Further EUR/USD Losses Require Data Confirmation of Fed, ECB Divergence

Christopher Vecchio, CFA, Senior Strategist
Further EUR/USD Losses Require Data Confirmation of Fed, ECB Divergence

Fundamental Forecast for EURUSD: Neutral

- EUR/USD remains below its trendline from the March, April, July, and August lows.

- Recent EUR/USD losses accompanied a shift in retail crowd positioning.

- Have a bullish (or bearish) bias on the Euro, but don’t know which pair to use? Use a Euro currency basket.

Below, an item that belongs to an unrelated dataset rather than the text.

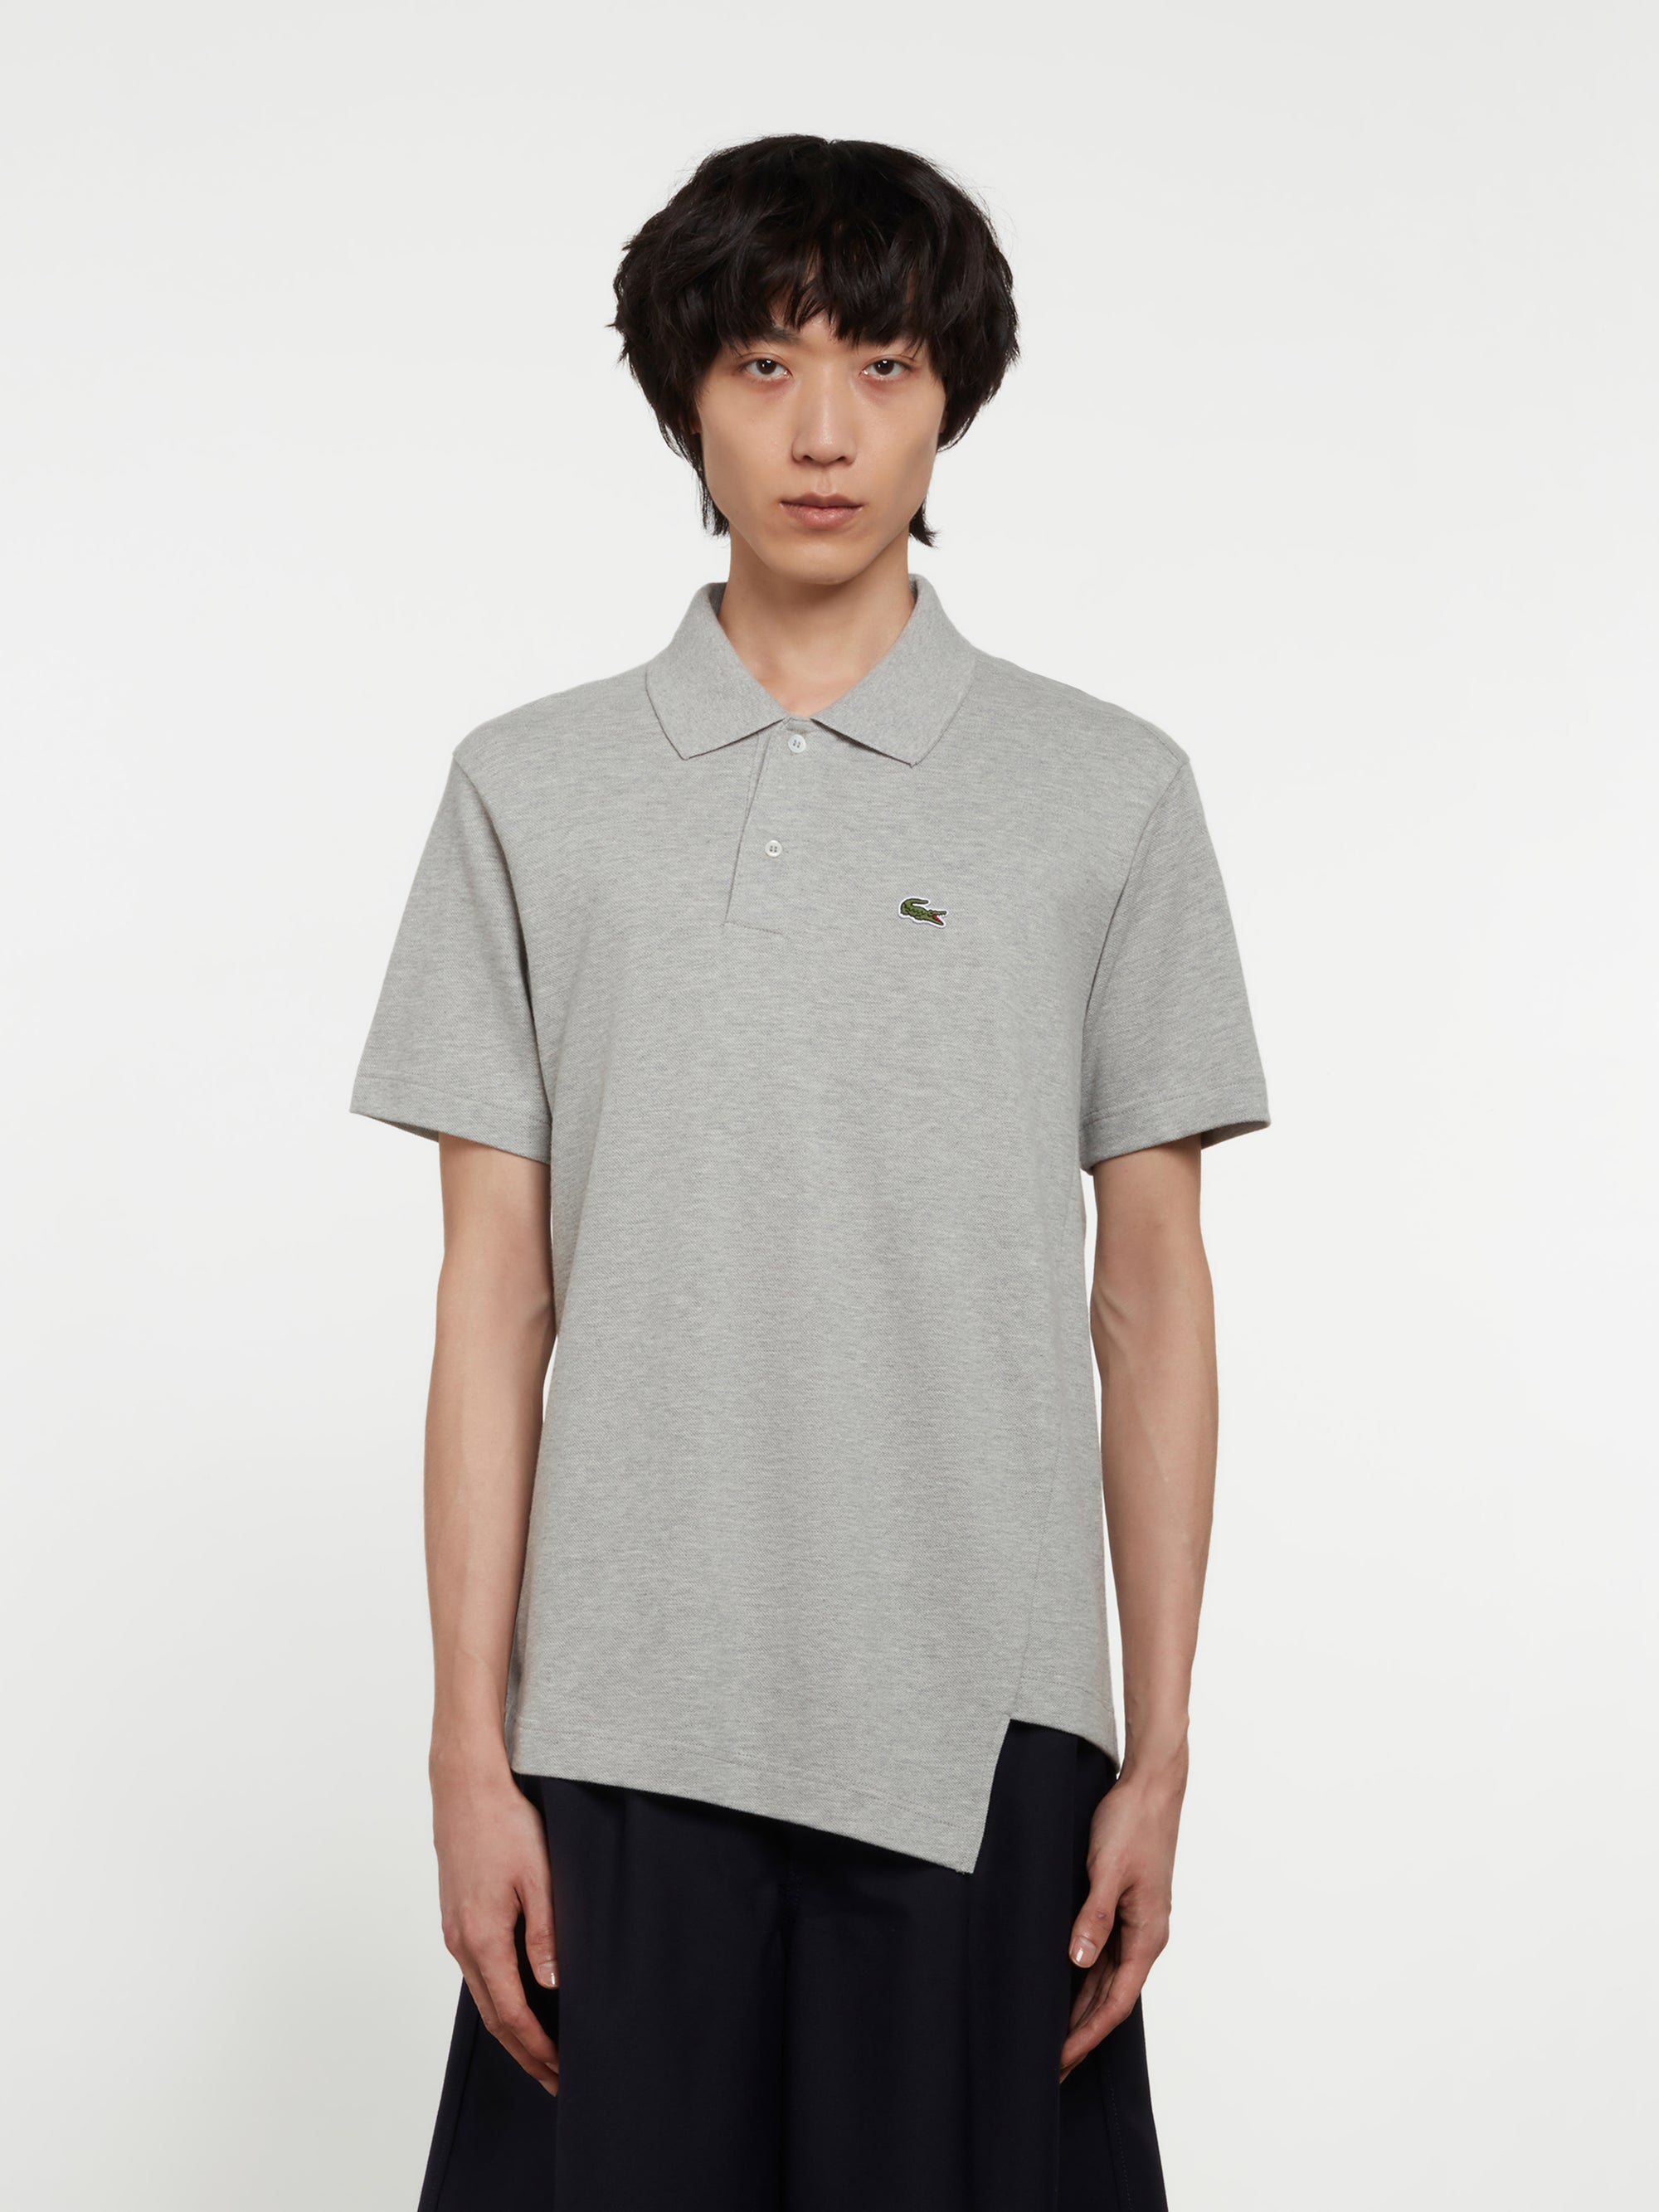 CDG Shirt - Lacoste Men's Asymmetric Polo Shirt - (Grey) view 1
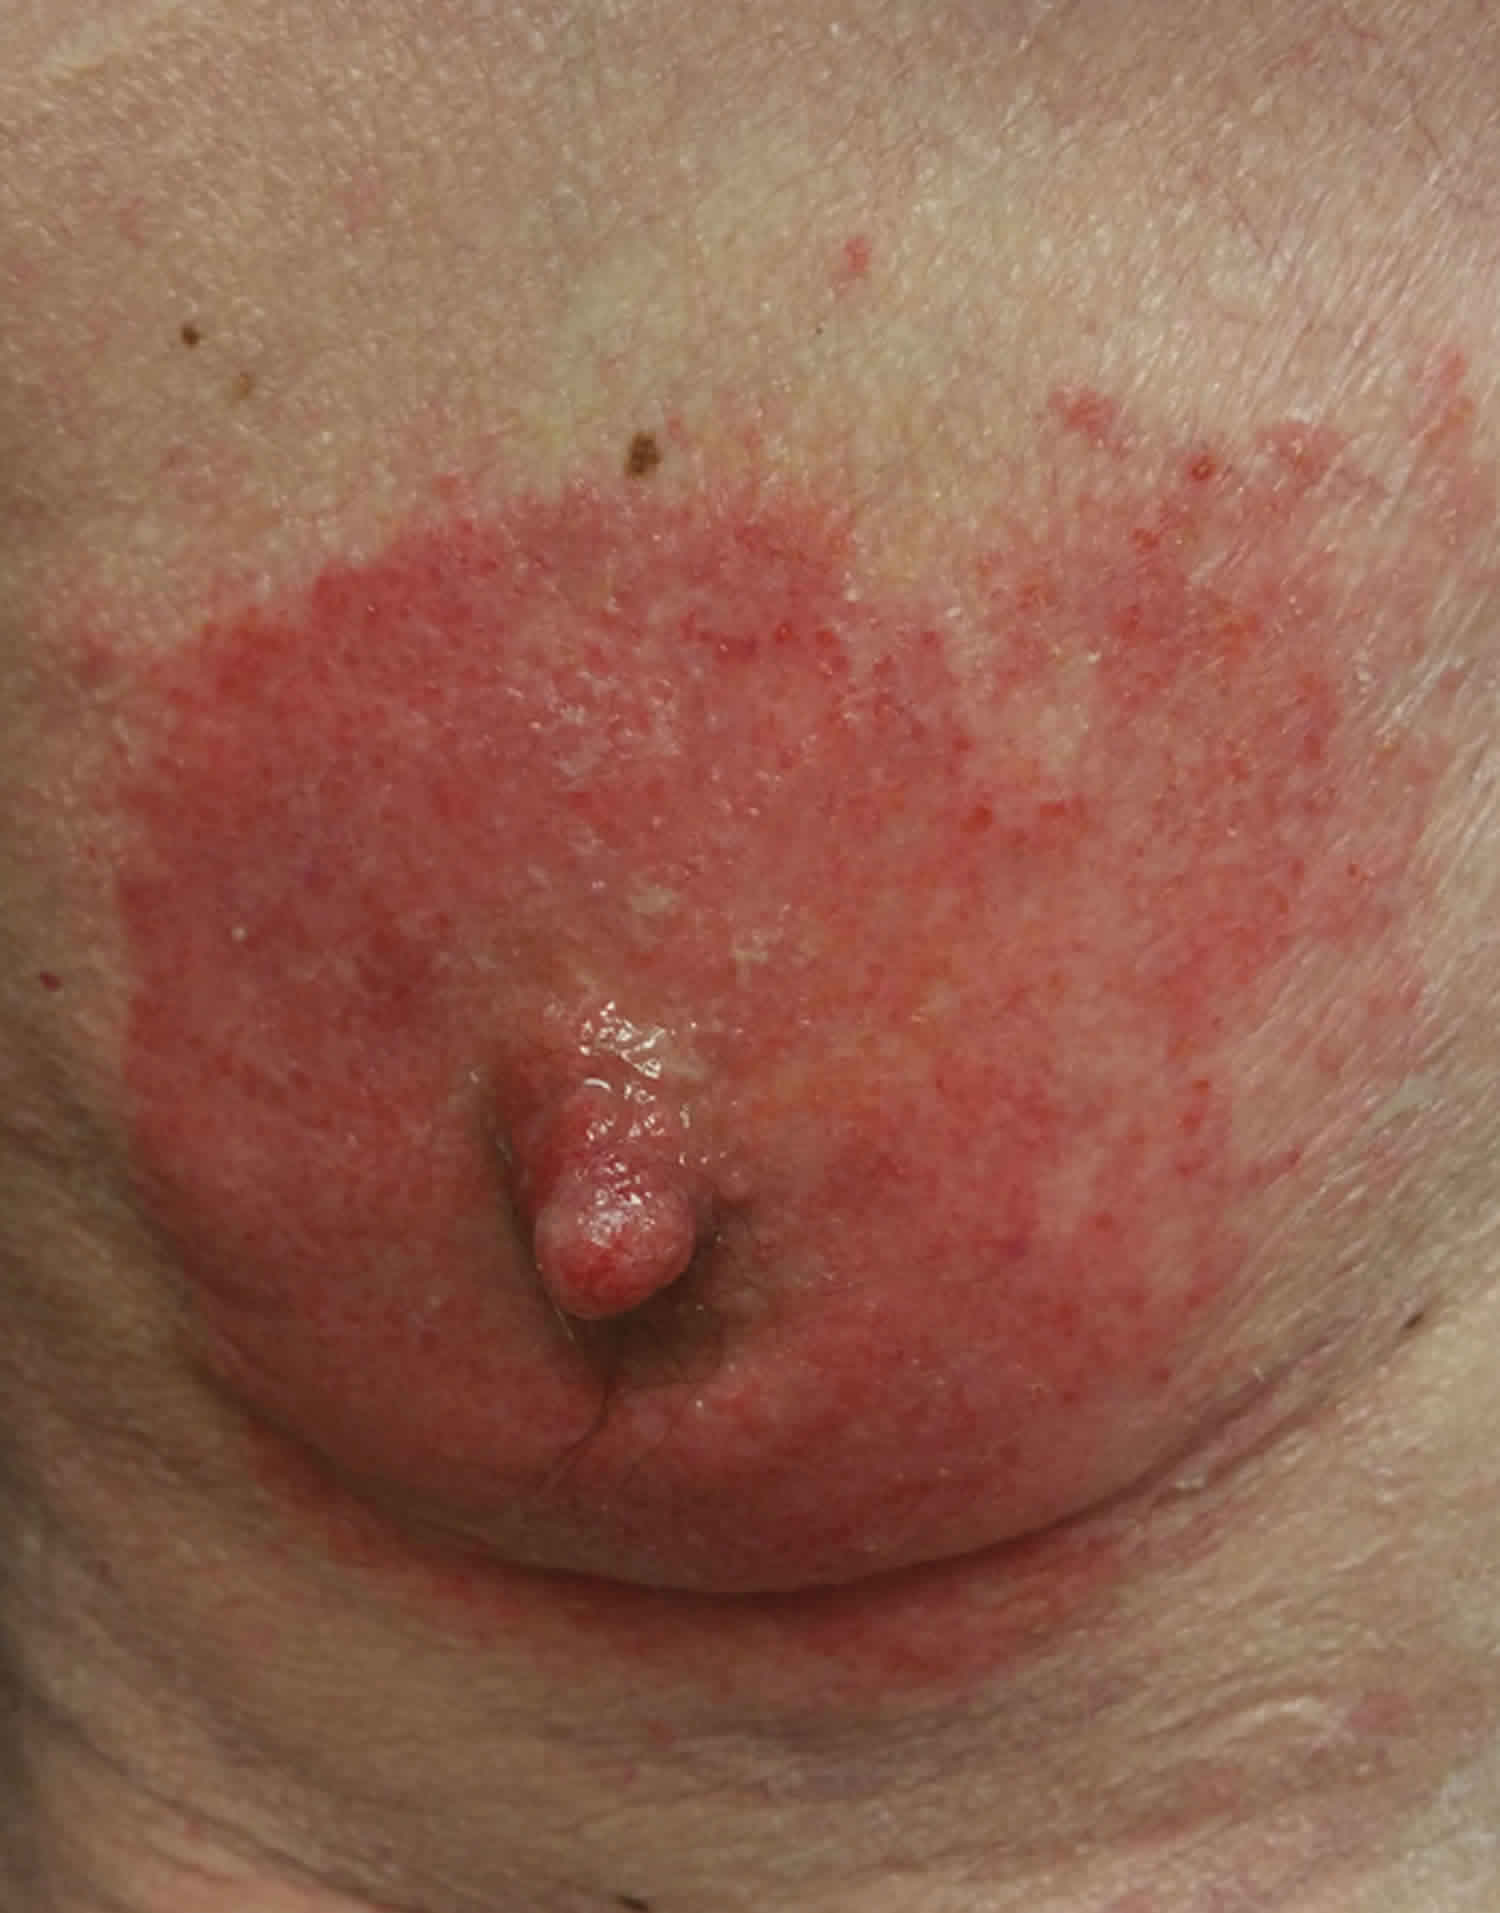 https://healthjade.net/wp-content/uploads/2020/03/breast-eczema.jpg

Weeks removed from both the European Central Bank and Federal Reserve policy meetings, volatility in FX markets declined the past week, leading to constrained ranges in EUR-crosses and USD-pairs alike. EUR/USD declined sharply by a mere -0.11% to $1.1006, while EUR/GBP – the worst performing EUR-cross – only slipped by -0.85% to £0.7134.In the short-term, it appears that recently signaled upcoming shifts in central bank policy – if it’s the Fed potentially hiking rates in December, or the ECB loosening monetary policy further – have been priced into the market.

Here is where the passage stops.